Weekly News Roundup (11 January 2009)

What a week. Despite the semi-holiday feeling of it all, a lot happened. DivX 7 with H.264 encoding/decoding was released, and there were some interesting news items as well. Unfortunately, I’m still suffering from illness, which has just officially been diagnosed as shingles. Do under 30’s get shingles? Apparently, they do, and it itches like hell (luckily, very little pain). So I’ll try to keep this WNR short as possible, because I need the rest.

Also, finally finished Fallout 3 with all achivements. Lovely game and the hours I spent playing it no doubt contributed to me getting shingles, but it was worth it.

CopyrightLet’s get on with it with some copyright news. The RIAA has dropped the controversial infringement monitoring firm MediaSentry, another sign of their new strategy to target ISPs instead of individuals. MediaSentry has been in the news many times due to their invasive techniques to gather evidence for prosecution, so I won’t shed a tear for them despite wanting to cry over my shingles related discomfort.

The Obama administration will be sworn in in a little more than a week’s time, but despite positive messages during the election campaign, the actions in regards to copyright has been much more negative. Two picks for important Justice Department and the AG’s office has been lawyers who are RIAA friendly or friendly to excessive copyright control legislations. Let’s hope this is just to balance out the administration’s pro-consumer policies, rather than just an extension of the status quo. But as I said when Obama was elected, and I am a huge supporter, is that one should not expect huge changes. This is because the lobbyist and interest groups have enourmous powers in Washington D.C, even more so than the Super Mutant Behemonth that will eventually inhabit the very same buildings as these lobbyists some years in the future.   

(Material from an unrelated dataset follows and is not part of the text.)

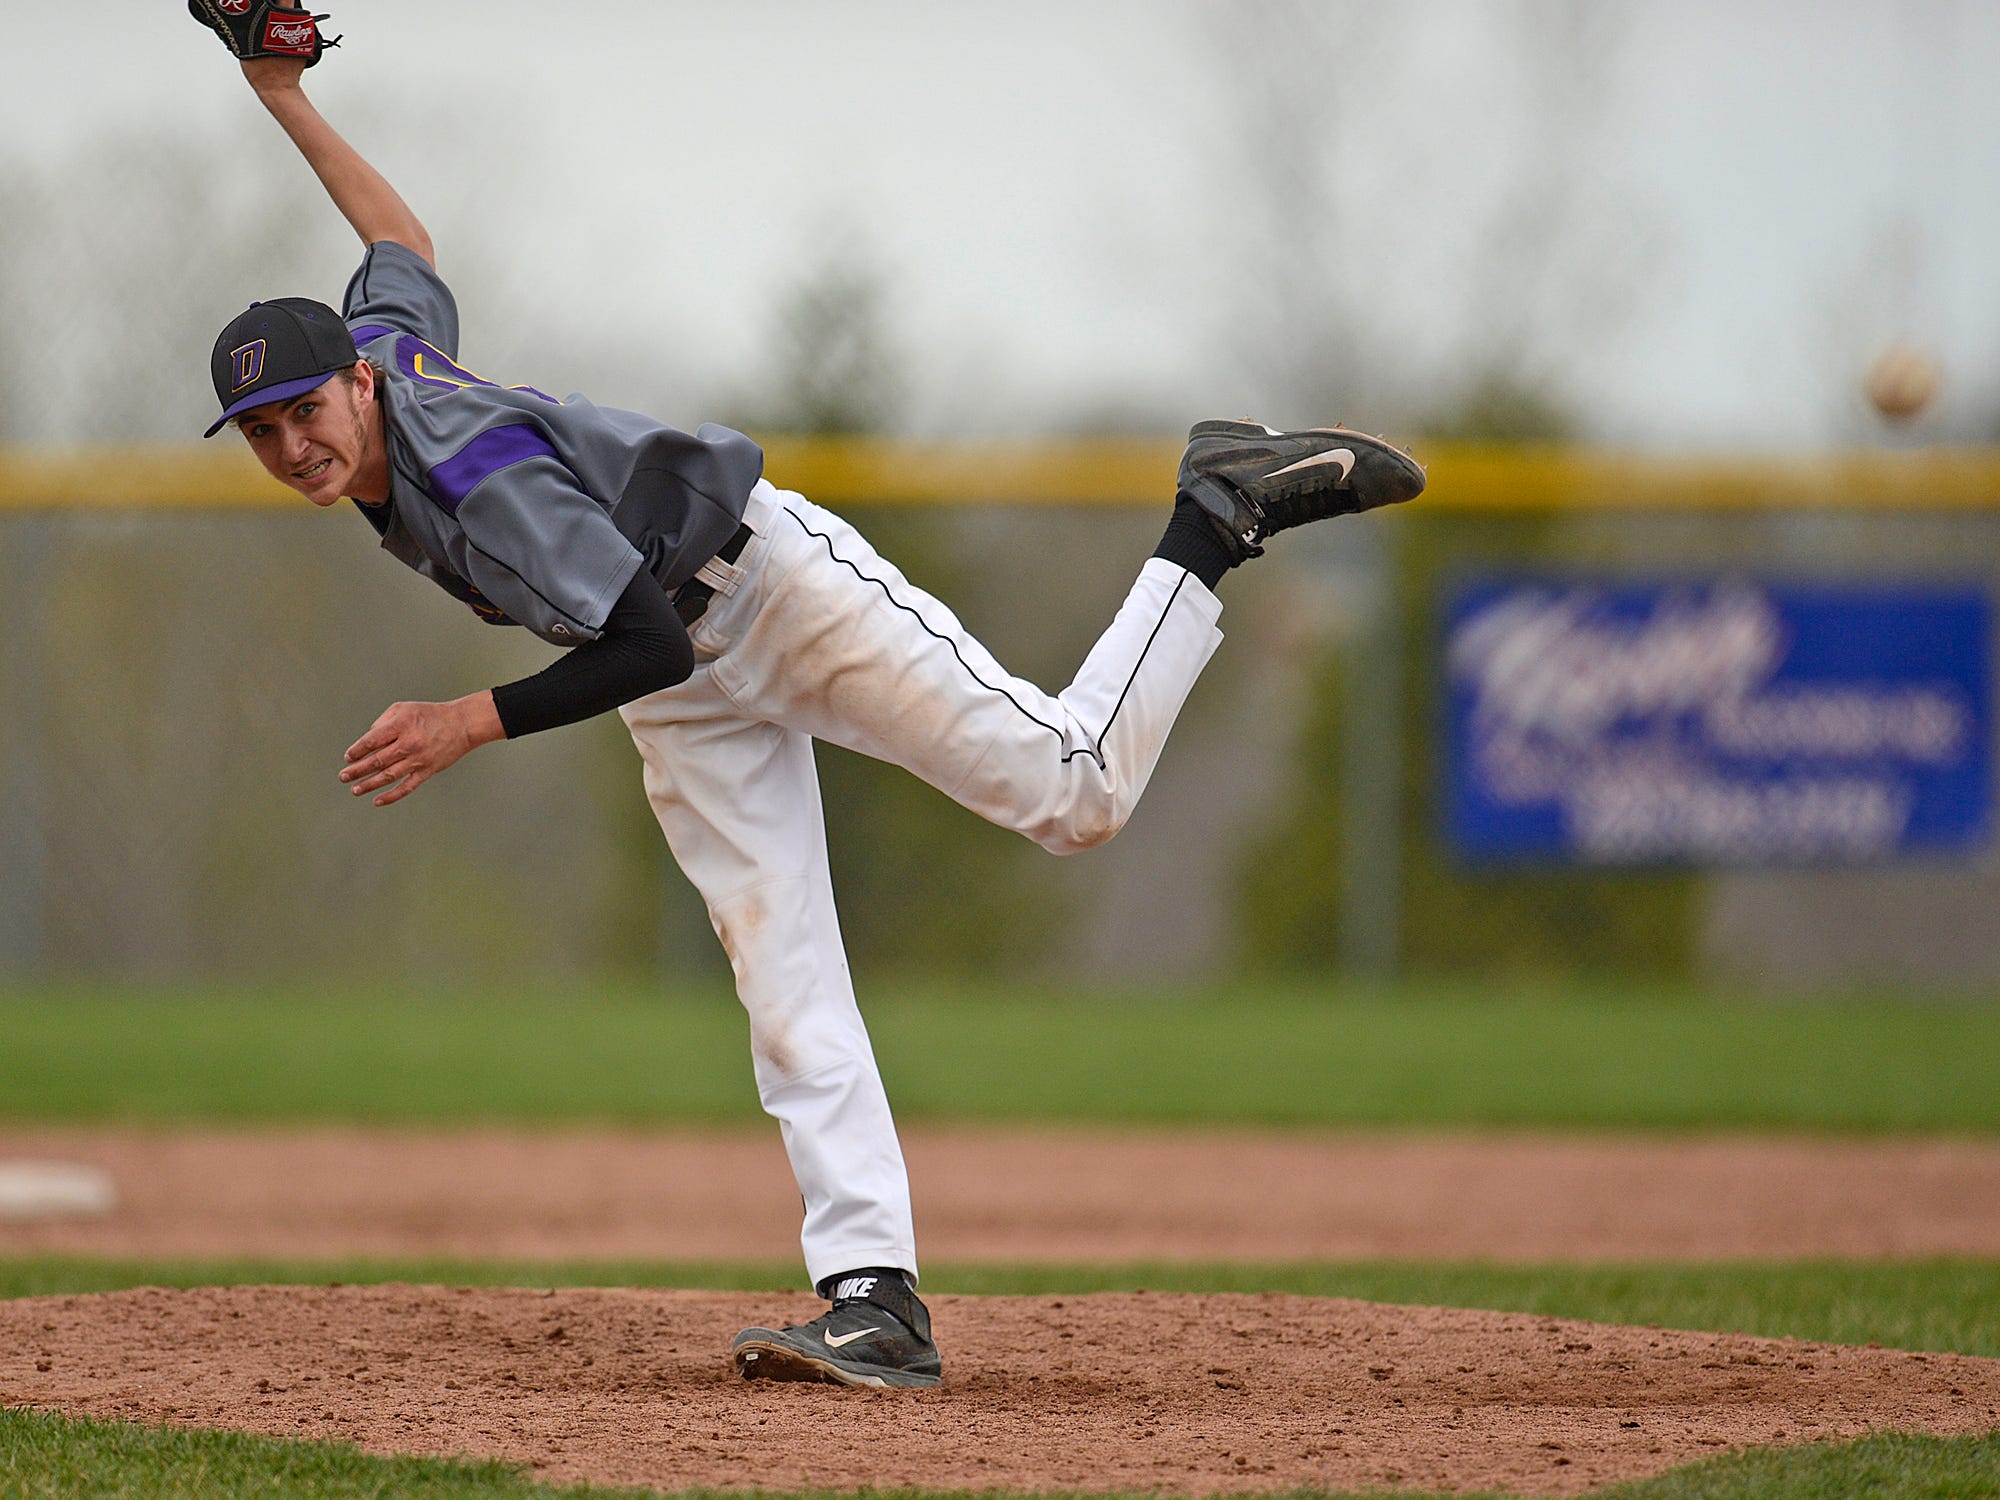 Denmark pitcher Riley Pelischek allowed one hit and struck out 14 in a 2-1 win over West De Pere in a battle of Bay Conference unbeatens Tuesday.

The other big copyright news of the week was the official death of music-DRM, as Apple announced they will go DRM free from April 1st. If this is not an extremely early April Fools trick, then one can safely say that the fate of music DRM has been sealed. Will gaming or movies be next? Let’s hope so, because as the as many people are finding out, DRM only really works to frustrate legitmate users, as one famous authors found out when trying to play his The Dark Knight DVD on this PC. DRM is one of the biggest cons of the 21st century so far, giving paranoid content owners a false sense of security at the expense of lost sales and consumer satisfaction.

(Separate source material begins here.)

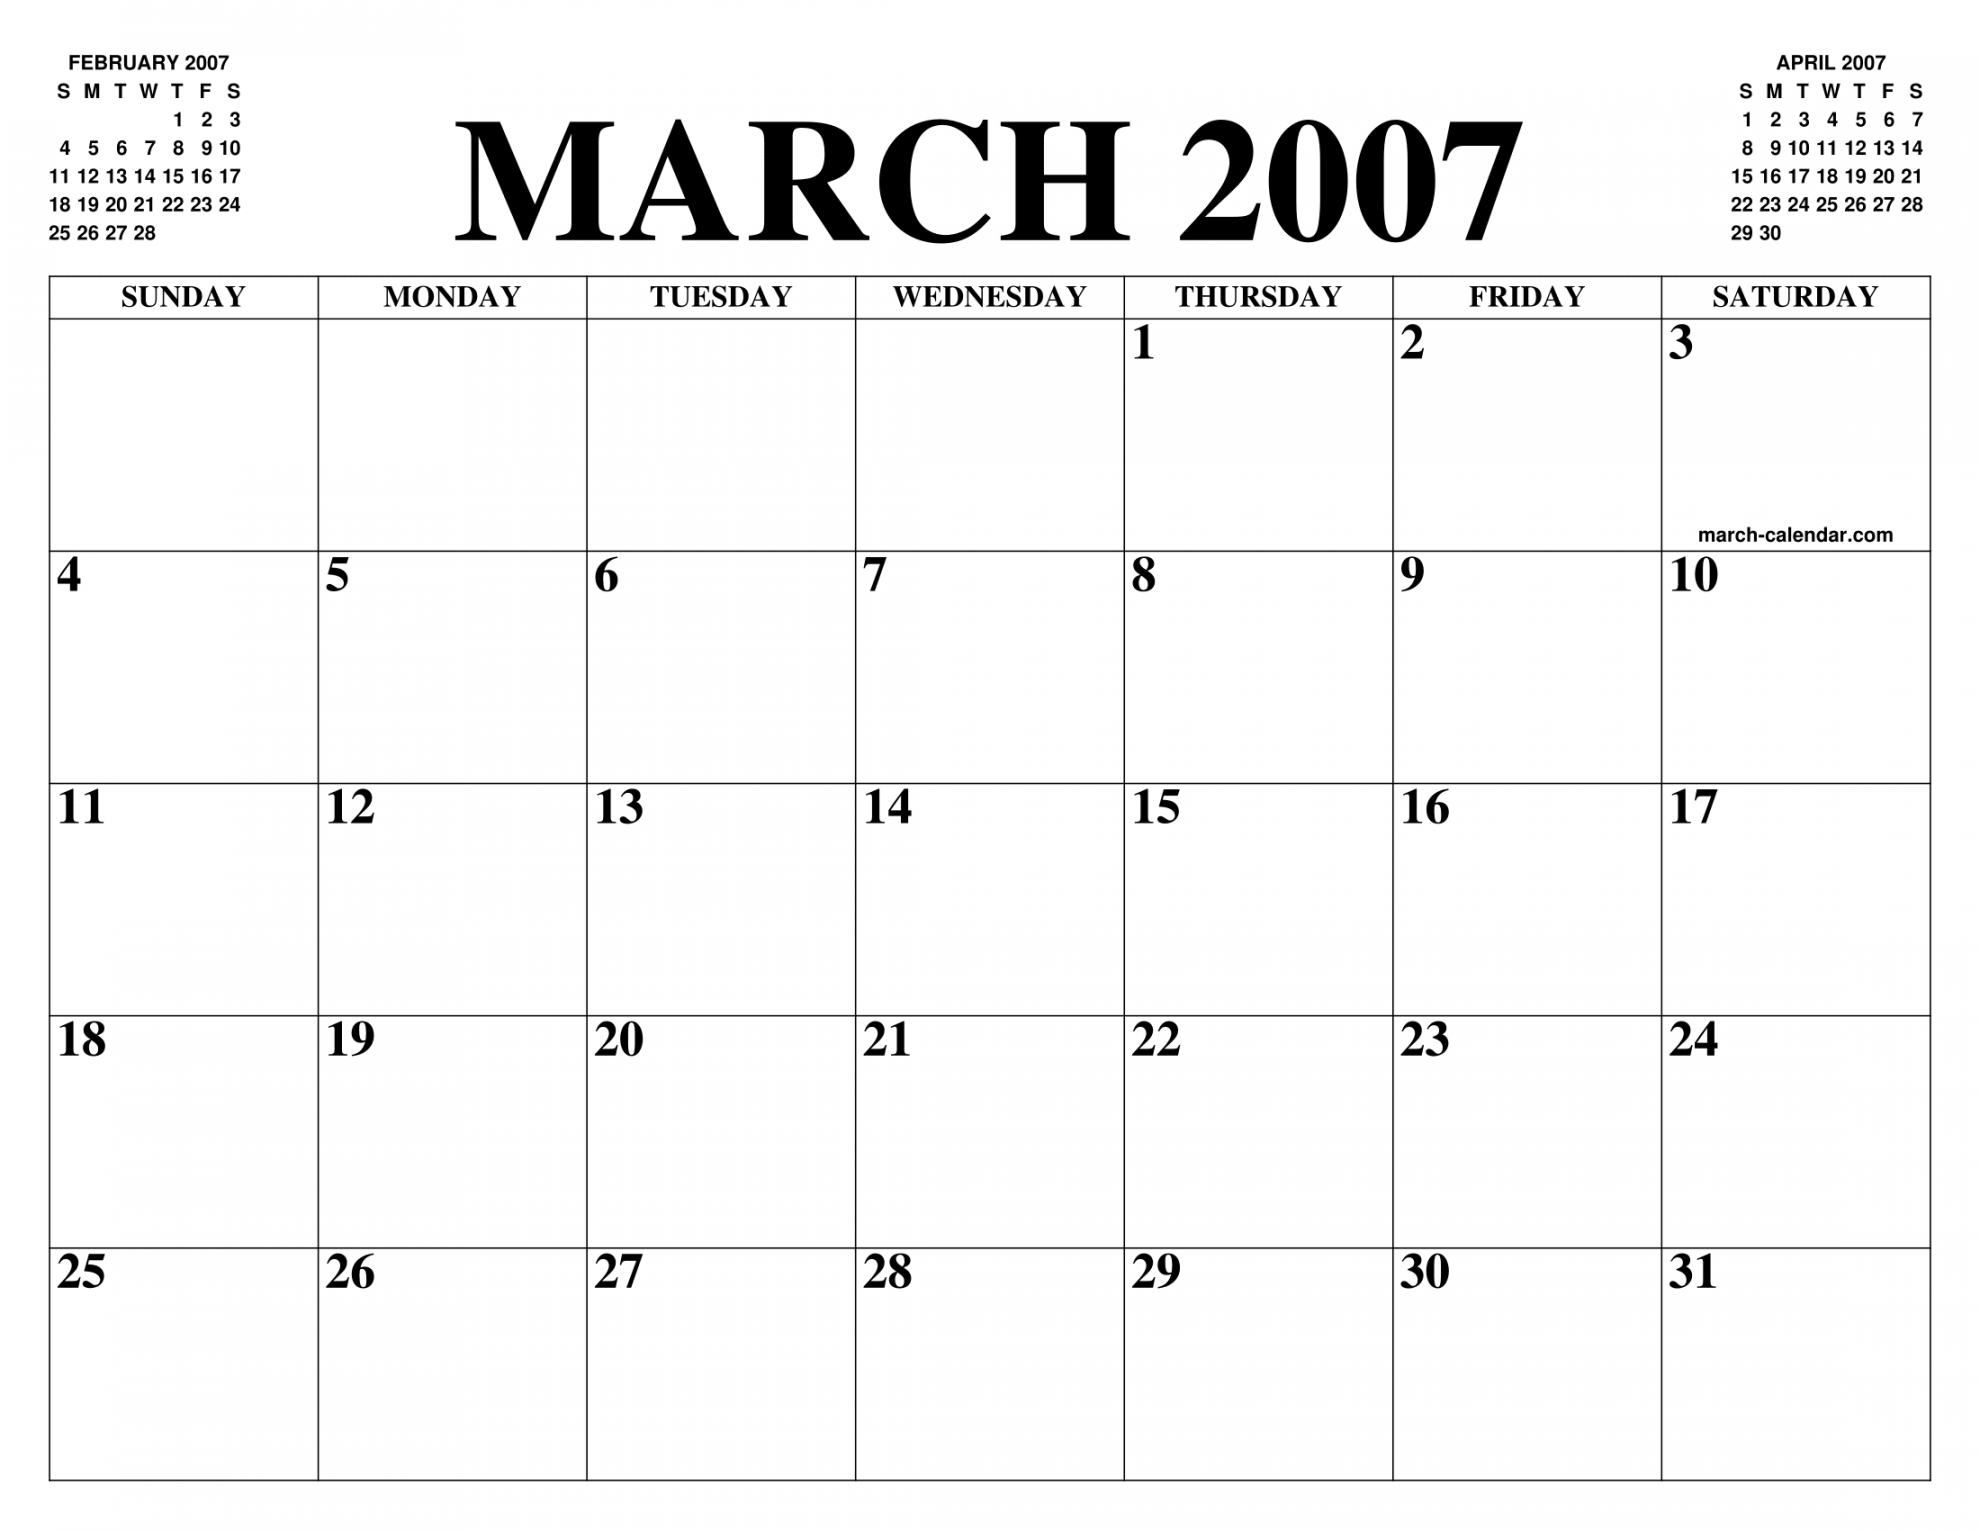 MARCH  CALENDAR OF THE MONTH: FREE PRINTABLE MARCH CALENDAR OF

High DefinitionIn High Definition news, fast growing electronic firm Vizio will have a sub-$150 Blu-ray player available soon. Blu-ray harware is still more expensive than DVD hardware, but I actually think prices have been a lot more reasonable recently, almost to the level of “cheap”. And even movie prices, when sales are on, are quite reasonable (the collapse of the British Pound has meant that buying from Amazon.co.uk in Australia is not a realistic proposition). So it looks like the ingredients for mass adoption is here already, no more excuses, and we’ll see in 2009 if Blu-ray has what it takes to take a huge bite out of DVD’s market share.

The problem right now, and one that will be solved by mass adoption, is that Blu-ray’s demographic is still very much concentrated in your typical enthusiast/early adopter/video gamer (thanks to the PS3). Male, likes action/sci-fi flicks, don’t mind paying over the odds for new releases. A great demographic for a premium video format, but not yet good enough to become a mainstream format. But to fully appreciate Blu-ray, you really need material to show it off, and that’s the action/sci-fi movies with booming surround sound. Not sure what one can get from watching romantic films in high def, and the extra details of skin imperfections might actually hurt.

And if BD doesn’t work, try 3D. At least that’s what the electronic manufacturers are thinking, with the on-going CES show giving us many 3D TV prototypes. 3D has always been used to generate interest when all else fails, but while I like 3D, I just don’t think the technology is here yet to fully show it off. If someone can make a 3D TV without the need for glasses, or at the very least, a 3D system that won’t make me nauseous (I’m nauseous enough right now, thank you very much) and has proper colours, then I’m all for it. Otherwise, a gimmick won’t help anyone. 

And as mentioned earlier, DivX 7 was released and I had a couple of blog posts that talked about it, including some early tests with the DivX Converter software that supports H.264 encoding. If you want to quickly get into H.264 without the fuss of configuring encoding options and such, then DivX Converter is recommended, as the produced files can be easily made to be PS3/Xbox 360 compatible in a minute or two (I might write a guide on how to get the MKV to MP4, using MKVtoolnix and MKVExtractGUI – edit: guide now up).

GamingAnd in gaming, nothing much is happening at the moment but the NPD figures should be out this week or next, and early reports suggest another win for the Wii, with the Xbox 360 in a distant second, and the PS3 doing not so well.  

Anyway, that’s all I have the energy for this week. Hope you have a itch free week, not much chance of me having one though.